The two tribes share many cultural characteristics. In a hearing before the Indian Claims Commission in 1974, Dr. Daniel Jacobson suggested that the Alabama and Coushatta tribes were culturally related because of intermarriage. The Handbook of Texas reports that the languages come from the same stock, even though there could be some word variance.

They merged with the Coushatta to become the present-day Alabama-Coushatta Tribe of Texas. Although long under state trusteeship because the state controlled public lands, the tribe achieved Federal recognition in 1987 by an act of Congress, rather than by administrative process of the Department of Interior. The law that restored the tribe's federal relationship prohibited such gaming as was then prohibited under state laws.

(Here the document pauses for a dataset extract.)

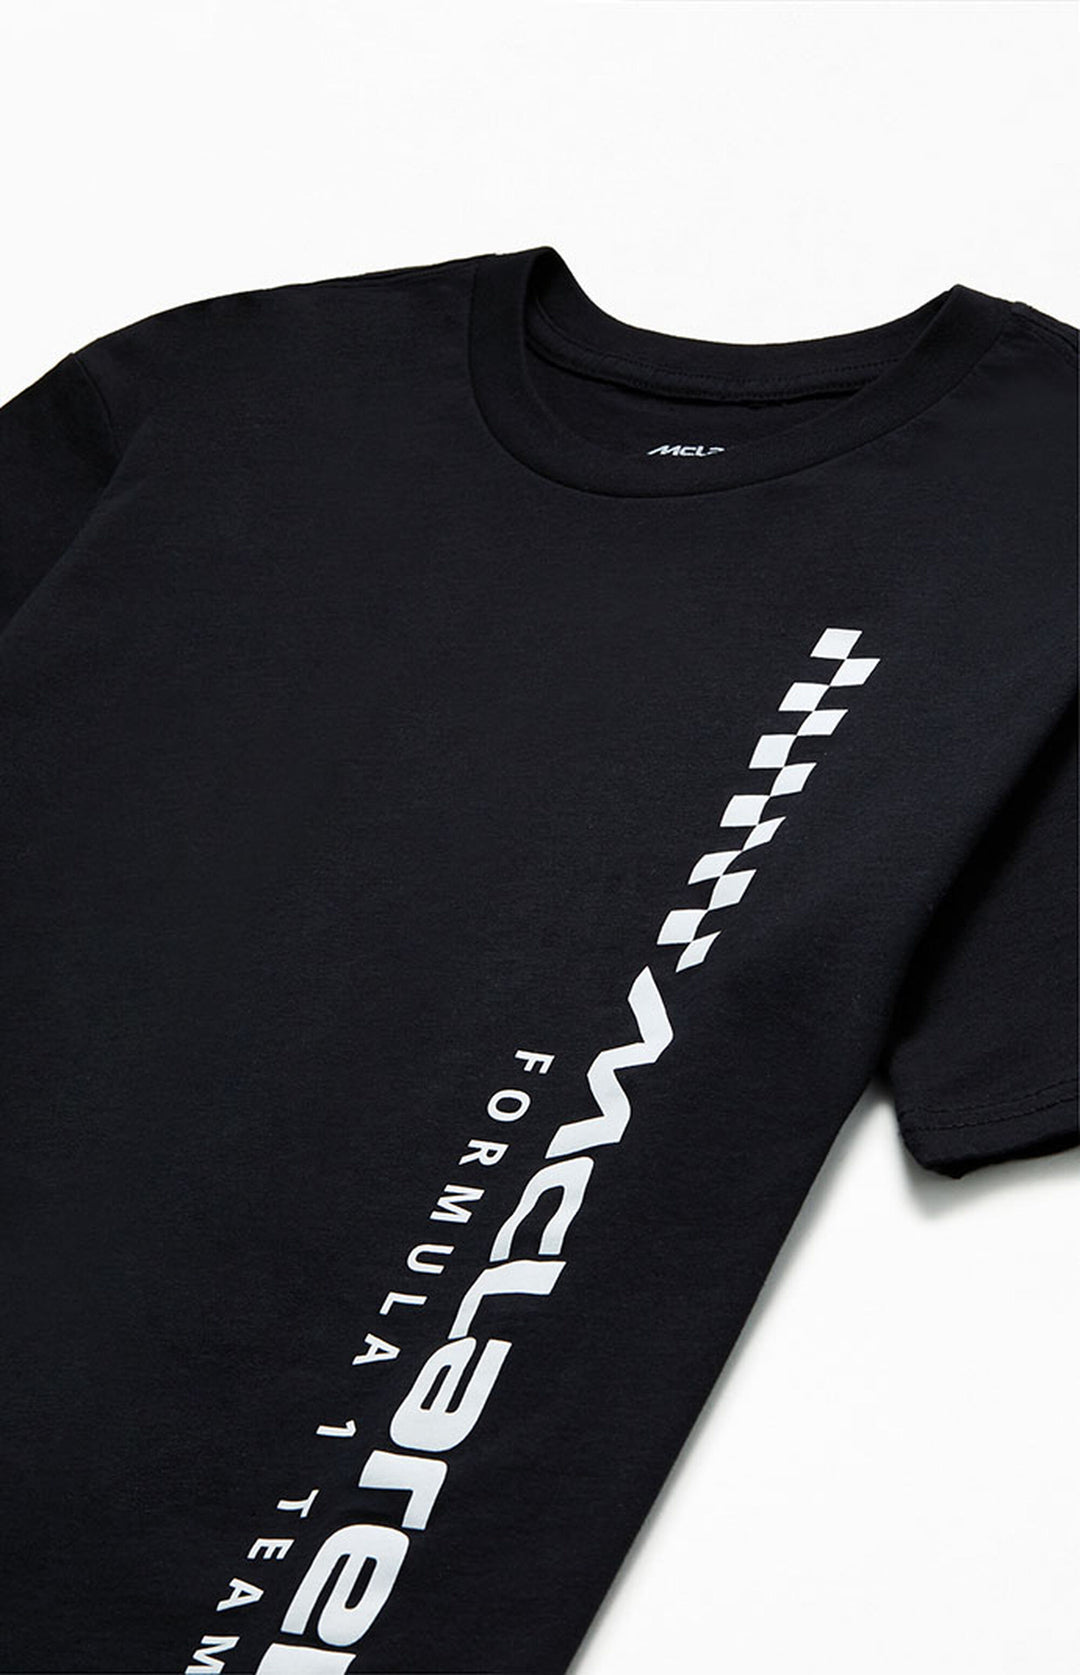 McLaren Formula 1™ Team T-Shirt - Unisex - Black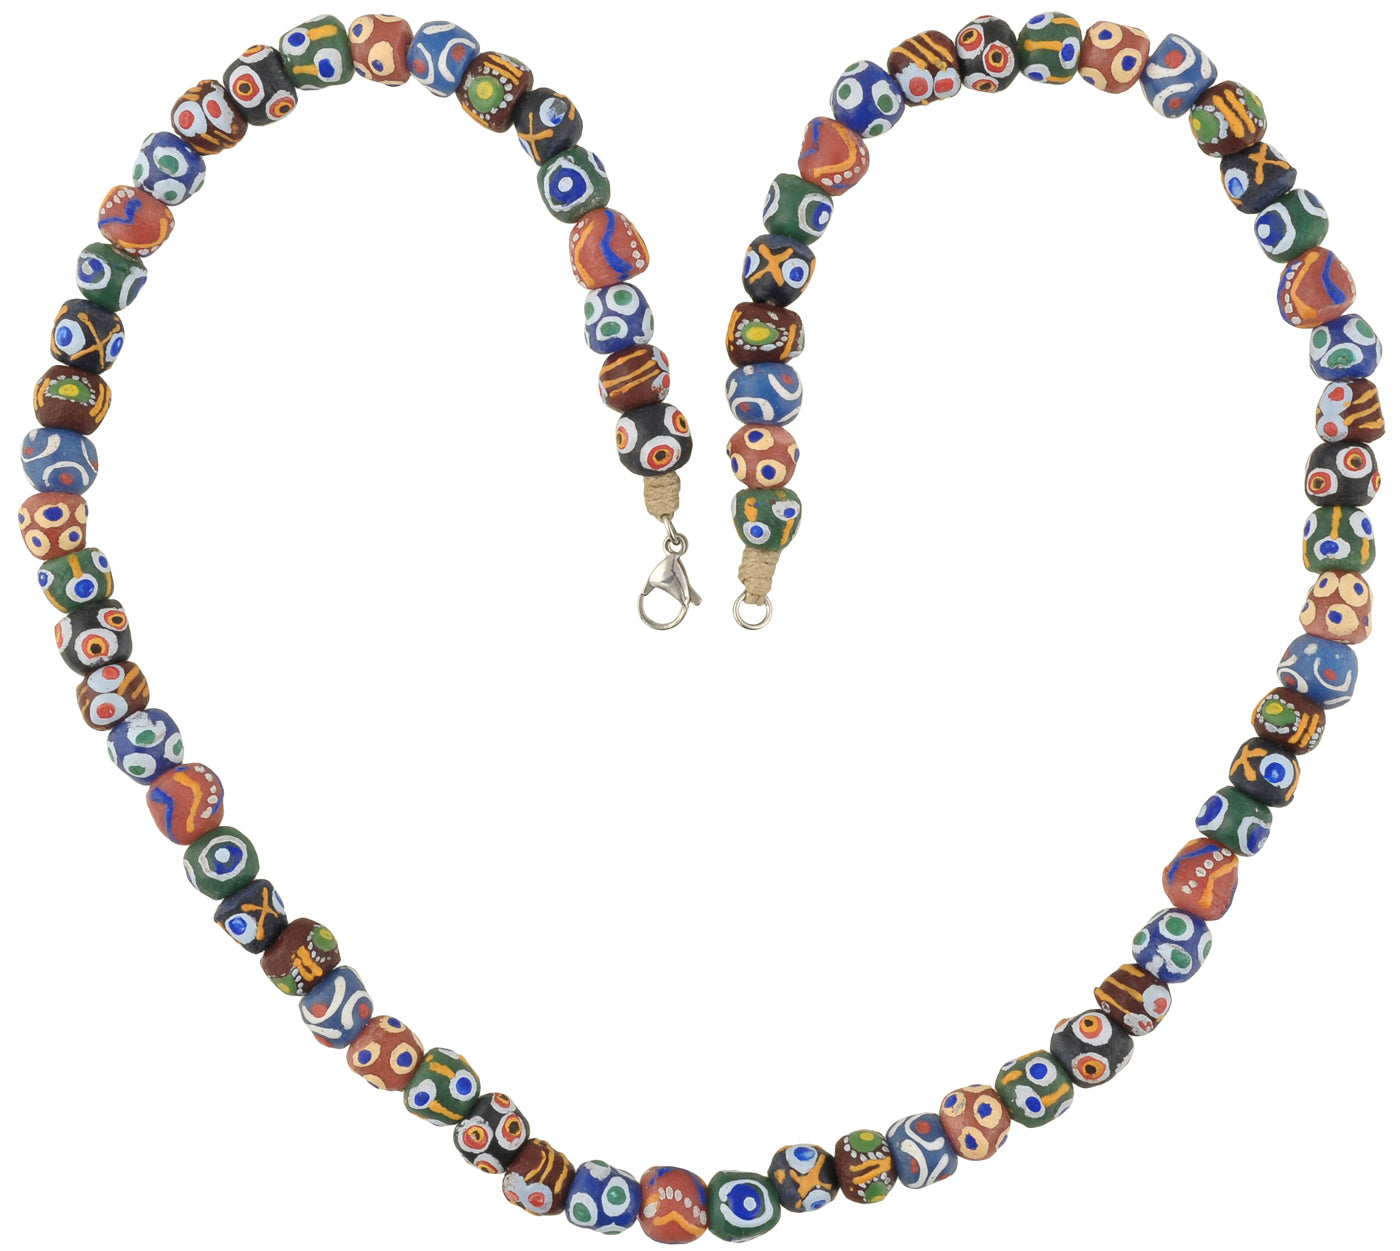 Handmade recycled glass beads necklace ready to wear jewelry Krobo Ghana Africa - Tribalgh

The current tribal lands are in eastern Polk County, Texas. The Alabama-Coushatta Indian Reservation, Texas' oldest reservation, located at , has 18.484 km^{2} (7.137 sq mi) of land. The land purchased by the state and assigned to the Alabama in 1854 was expanded by another purchase, under a federal grant in 1928. The 2000 census reported a resident population of 480 persons within the reservation. As of 2010, there are some about 1,000 citizens of the Alabama-Coushatta tribe.

===Oklahoma===

In Okmulgee County, Oklahoma, Alabama and Coushatta people formed the Alabama–Quassarte Tribal Town, which was federally recognized in 1936. Other Alabama descendants are enrolled in the Muscogee Nation.